「所以,如果到時候我被關進了銀甲衛的監獄,那你就按照這板子上的內容來就可以了。」
白忘冬坐在桌子上,雙臂捋著袖子,一隻手叉著腰,一隻手把玩著手裡的墨筆,語氣隨意開口道。
「不過,穆晚不是個好糊弄的傢伙,面對她的時候,你最好小心一些,可千萬別陰溝里翻了船。」
那女人的眼睛看的很準,直覺也很敏銳,是個天生當司衛的料。
白忘冬不擔心這套計劃對她不起效,他比較在意的是在這種近距離接觸當中,如意店的人暴露自己的些許特徵,從而被順藤摸瓜抓到尾巴。
如果是那樣的話,這個計劃的收入和付出之間的差距就會大大縮減。
這在牌局劣勢的情況下,對他們來說可不算是一件好事。
也就是因為這樣,所以白忘冬才會選中寧瑤池,而不是一直負責如意店生意的唐無過來負責這部分的環節。
比起其他人來說,寧瑤池在隱藏偽裝上的能力的確獨樹一幟,高出了好幾個等級。
這活交給她,白忘冬是放心的。
「既如此,那卑職不如就裝扮成大人的模樣好了。」
寧瑤池站在白忘冬的身後,看著那塊板子上的內容,淡淡開口道。
白忘冬和穆晚接觸最多,露的信息也最多。
既然想要藏起來她的特徵,那最好的方式自然是要用其他的人特徵蓋過去。
「如意店店主」這個身份在穆晚那裡恰到好處。
想法是個好想法。
只不過……
「呵。」
白忘冬輕笑一聲。
「你騙不過她的。」
「大人對卑職的易容術這般沒信心?」
聽到這話,寧瑤池美眸猛地閃了一下,扭頭看向白忘冬。
雖然這話讓她說出來好像頗有些自大的意思,但事實上,即便是放眼整個錦衣衛,她的易容偽裝手段也能夠名列前茅。
能在這上面勝她一籌的絕對不超過一手之數。
就算是對白忘冬的能力再服氣,她也不信穆晚有那個眼力能夠看穿她的偽裝。
「倒也不是信心不信心的問題。」
白忘冬淡笑一下,語氣平和。
「只不過我在她身上種了些東西,那東西是能夠幫她記住我的。」
若是認不出來,反而是他的失敗了了。
「種了東西?」
寧瑤池聽到這句話目露疑惑,不太明白這句話是什麼意思。
白忘冬嘴角輕勾,也沒有出言解釋,只是將目光放在了板子上的某個地方。
寧瑤池順著他的目光重新看向了那塊板子,視線順著文字和符號從上而下,一個接著一個看去。

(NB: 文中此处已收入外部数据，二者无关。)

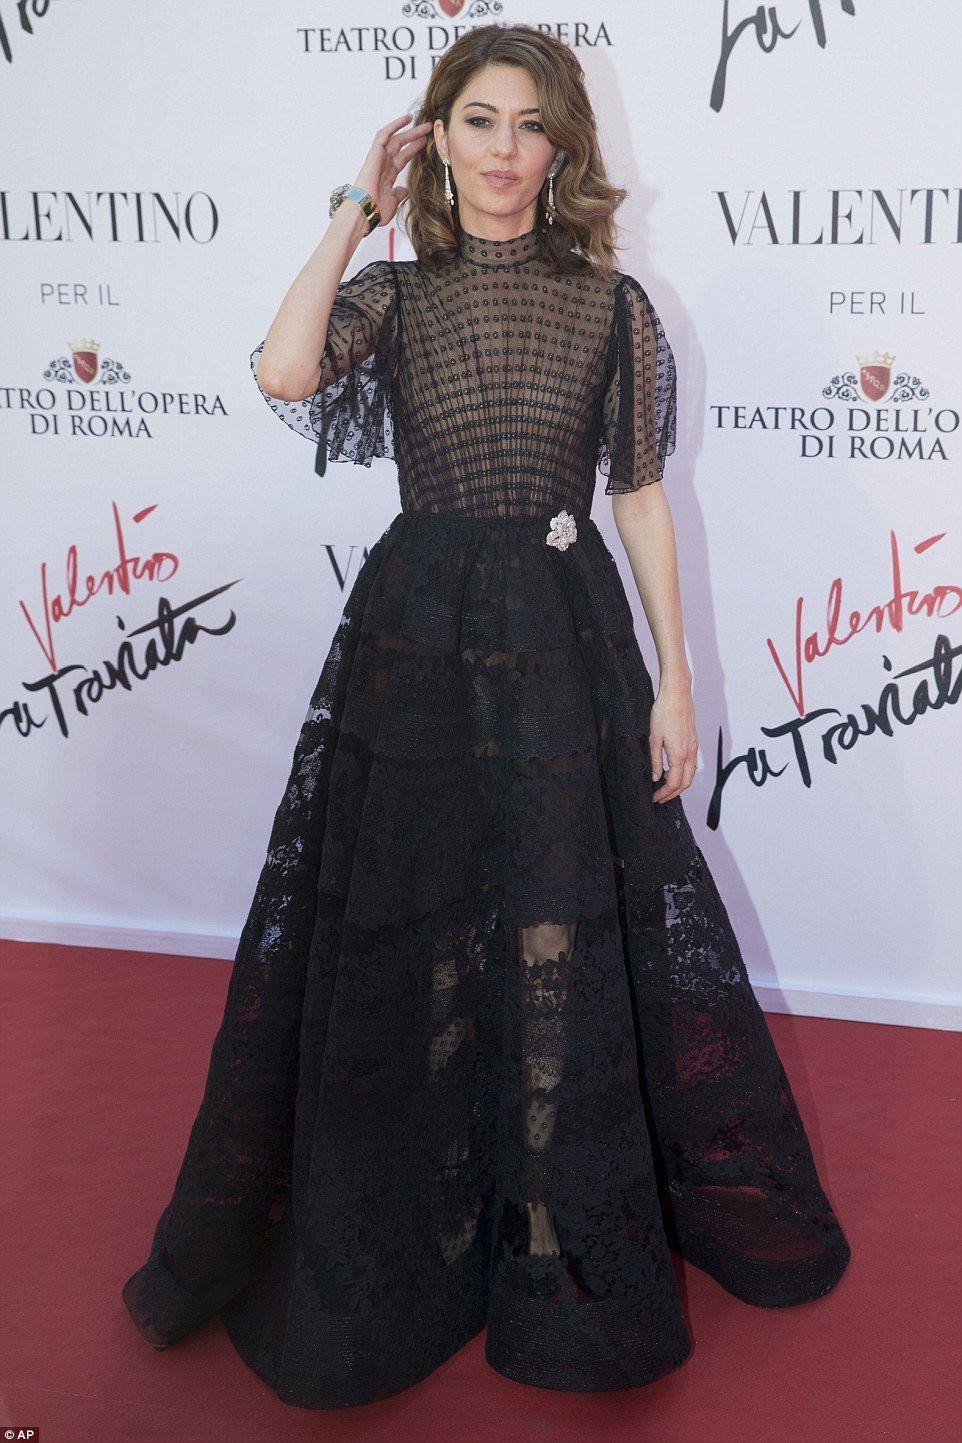 Kim kardashian stuns at premiere of sofia coppolaus opera sofia

最終,她的目光停留在了箭頭所指向最下面的地方,眼珠微微顫動了一下。
那裡被密密麻麻的符號包裹著的僅僅就只有兩個字而已……
……
「恐懼。」
寧瑤池用那模糊不清的聲音在這店鋪當中輕聲開口。
這兩個字讓穆晚身體猛地繃緊,目光不善地朝著她的方向看了過去。
這兩個字真讓人惱火。
但更讓人惱火的是她的身體。
那種被她強行壓制下去的本能告訴她,眼前之人說出來的答案就是正確的。
她的確不知道在什麼時候,對那個兇犯生出了一種恐懼的情緒,她在害怕那個兇犯。
「看副司使大人這表情,我就知道我說對了。」
寧瑤池目光掃過那張根本藏不住難看表情的冷冽俏臉,淡笑著開口道。
「閉嘴。」
穆晚冷聲道。
這件事讓她覺得可恥。
一個城衛司的司衛居然會害怕一個通緝犯,這本身就是一件讓人無法接受的事情。
不過寧瑤池倒也沒太想在這上面浪費太多的時間。
稍微撩撥一下這位副司使大人的情緒就可以了,若是真的把她給逼急眼了,說不準直接會把店鋪給拆了也不一定。

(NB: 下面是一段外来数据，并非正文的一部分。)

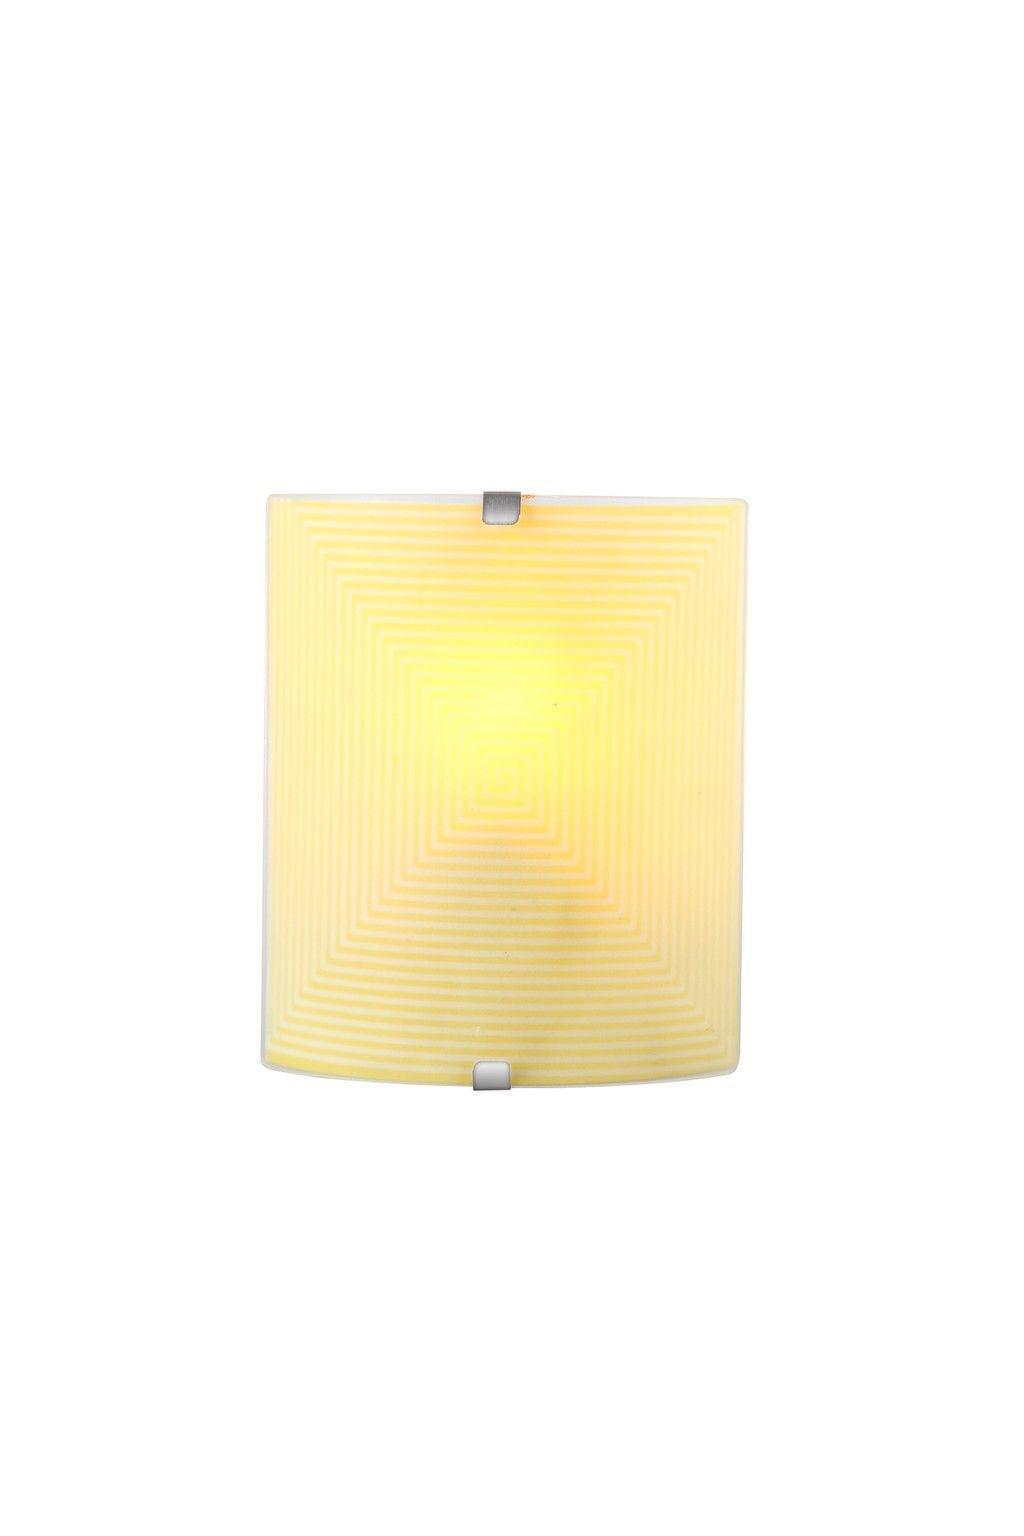 Фото товара A7222AP-1CC Arte Lamp

「既然副司使大人不想在這上面多聊一會,那就直奔主題好了。」
寧瑤池雙手扶著櫃檯,身體前傾。
「大人瞞著其他人來如意店,那一定是有自己的願望吧?說出來,如意店可以幫你實現。」
「你們不是神通廣大嗎?」
穆晚冷笑道。
「難道不知道我想要什麼就敢給我送紙條?」
就連她自己都不知道到底有什麼願望想要到這裡來找這些賊人實現。
說真的,她今晚做的所有事情都是身為城衛司副司使沒辦法理解的。
那張紙條上的內容簡直就像是一個魔咒,蠱惑著她做出這種不符合身份的事情。
「既然你們大言不慚說出這樣的話。」
穆晚從身上將那張紙條拿出來,抖了抖。
「那是不是也要有責任告訴我,你們覺得我想要什麼。」
這還真是個特別的要求。
如意店開張這麼長時間,這還是第一次遇到連願望都不清楚的客人。
但沒關係,他們說過的。
「進店者,事事皆如意」。
既如此,這樣小小的要求,寧瑤池當然要幫助她滿足了。
「恐懼。」
她又說出了這兩個字。
穆晚剛想要發作但就被她接下來的話給堵了回去。
「讓你恐懼的事情,不就是讓你來到這裡的理由嗎?」
「你是說你們店主……」
「不是哦。」
寧瑤池搖了搖頭,果斷打斷她的話。
她伸出一根手指,指著穆晚心口的位置。
「你是不是刻意忽略了些什麼?」
穆晚眼皮一跳,閉上了嘴。
看到她這個樣子,寧瑤池就知道,白忘冬又猜到了。
她目光閃動,耳邊似乎迴響起了白忘冬說過的話。
「我是在她的身上種下了東西,但那不是種子,頂多就是個催化物。」
「一個人的過去是能夠影響自身很重要的一個因素,或者說,過去本身就是組成一個人最主要的成分之一。」
「我之所以能夠那麼輕易讓她記住恐懼,就是因為在她的骨子裡面,習慣記住了這種感覺。」
「本能是可以藏起來的,我做的從來不是憑空創造,而是讓她重新記起這份本能到底是一種什麼存在。」
所以……
換句話來說。
「你的心裏面不一直都藏著一份讓你為之恐懼到現在的事情嗎?」
寧瑤池目光幽暗,戲謔盯著她開口說道。
她繞過櫃檯,朝著沉默的穆晚走去。
「這份恐懼甚至讓你強迫自己忘掉了過去,讓你把那些不堪回首的往事全都給藏在了心裡,這麼多年都沒想的去看上一眼。」
她來到了穆晚的身邊,輕輕拍了下她的肩膀。
穆晚黛眉微皺,肩膀一抖,甩開了她的手。
寧瑤池也不惱,只是輕笑著走到了她的背後,圍著她轉了一圈,目光在她的身上細細打量,一邊走,一邊嘖嘖稱奇。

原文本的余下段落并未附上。